Simplify deployment with Powershell Remoting

Sure, you can use Powershell Desired State Configuration, but let's say you don't want to. Use PSRemoting.


Create a domain using Azure Active Directory Domain Services. Create a user, put them in AAD DC Administrators group in Azure AD. Change their password.


Note: AADDS copies all users and groups from Azure Active Directory. In order to authenticate to the new domain, the password must be changed. This is a security feature. How would you feel if Azure was able to copy your password? Not good, eh?


Once that's complete, let's join a VM to the new domain. Create a VM, ensure it can route/connect to the same network the AADDS servers were provisioned in.


Open Azure Cloudshell and choose Powershell.


Save powershell as .ps1 file and upload to Cloudshell.

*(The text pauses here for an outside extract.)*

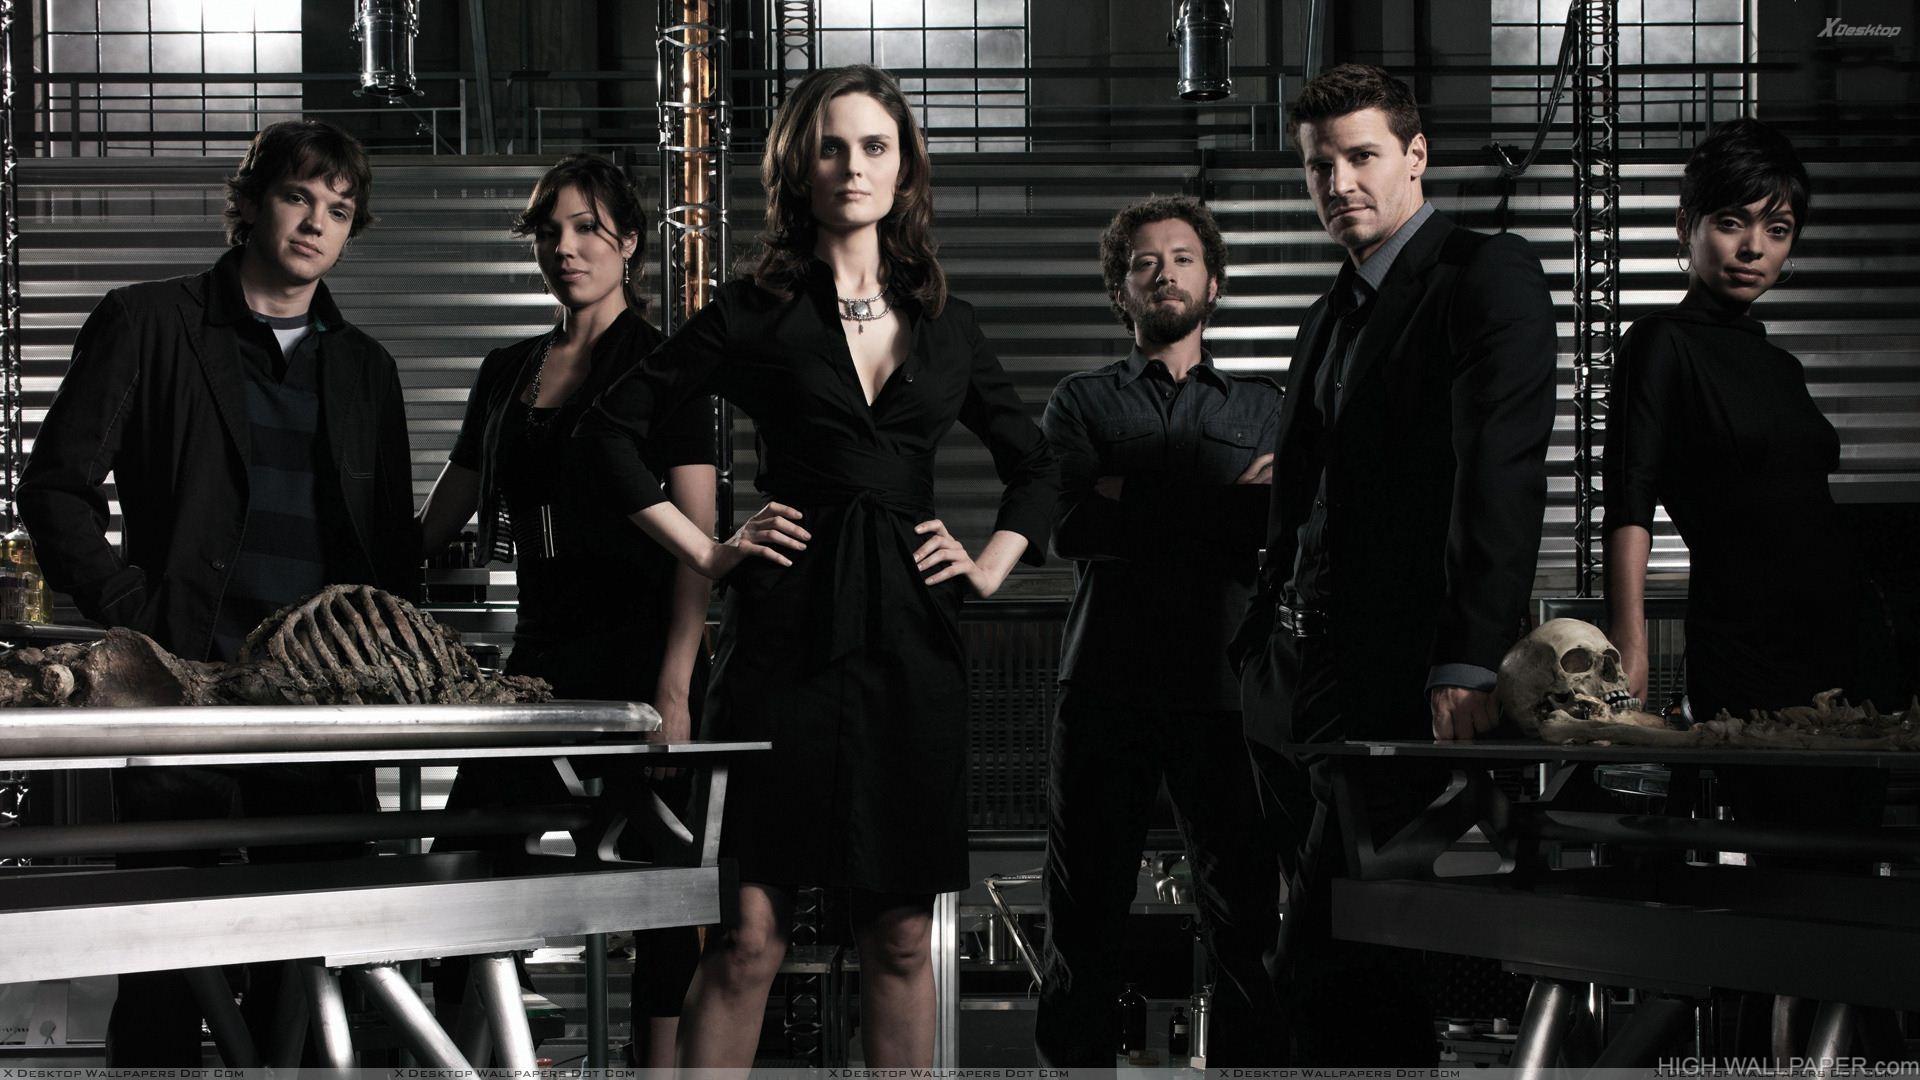 Bones Characters Wearing Black Dress

Execute and follow prompts.


Connect-AzAccount -UseDeviceAuthentication
$vmName = Read-host "VM Name?"
$rgName = Read-host "Resource Group Name?"
Write-Host "Enabling PSRemoting and disabling Cert checking..." -ForegroundColor Green
Install-Module pswsman -Force
Disable-WSManCertVerification -All
Enable-AZVMPSRemoting -Name $vmName -ResourceGroupName $rgName -Protocol https -OsType Windows
Write-Host "Adding VM to Domain and rebooting..." -ForegroundColor Green
Invoke-AzVMCommand -Name $vmName -ResourceGroupName $rgName -ScriptBlock {
    Add-Computer -DomainName "domain.com" -restart -force -confirm;
    } -Credential (Get-Credential)

Export Azure File Shares files to CSV

Just like it sucks to search directories and file names, it sucks to output files and their sizes.

Note: You'll need Subscription ID, Resource Group Name, Storage Account Name, and Azure Share Name

# Set mandatory parameters
param 
(
    [Parameter(Mandatory=$true)]
    [string] $subscriptionId,
    [Parameter(Mandatory=$true)]
    [string] $resourceGroupName,
    [Parameter(Mandatory=$true)]
    [string] $storageAccountName,
    [Parameter(Mandatory=$true)]
    [string] $storageShareName
)
# Repeat Loop start
Do {
Connect-AzAccount
# Set Azure context
$context = Set-AzContext -SubscriptionId $subscriptionId
# Get Storage Context
Write-Host "Searching for files in $storageShareName in $storageAccountName :" -ForegroundColor Green
Write-Host "=================================================================" -ForegroundColor Green
$key = Get-AzStorageAccountkey -ResourceGroupName $resourceGroupName -Name $storageAccountName
$storContext = New-AzStorageContext -StorageAccountName $storageAccountName -StorageAccountKey $key.value[0]
$getAzSF = Get-AzStorageFile -ShareName $storageShareName -context $storContext
# Iterate through directories, find files and export Dir, Name and Length
	$(foreach ($dir in $getAzSF)
		{
			Get-AzStorageFile -ShareName $storageShareName -context $storContext -Path $($dir.name) | Get-AzStorageFile | Select-Object -Property @{L='Directory';E={$($dir.name)}}, Name, Length
		})| Export-Csv -Path .\$storageShareName.csv
    Write-host "Data exported to CSV!"
    Write-host ""
$repeat = Read-Host "Repeat?"
}
While ($repeat -eq "Y")
# Repeat Loop end
Write-Host ""
Write-Host "EXITING... " -ForegroundColor Yellow -BackgroundColor Black
Write-Host ""
# Disconnect
Disconnect-AzAccount > $null
Write-Host "ACCOUNT HAS BEEN DISCONNECTED" -ForegroundColor Yellow -BackgroundColor Black
# end

Searching Azure File Share to match string

It sucks. There's a search directory box in Explorer, so wtf Azure?! Can't search by anything except full directory name even with wildcards. Until now. Search for Directories and Files that match your string.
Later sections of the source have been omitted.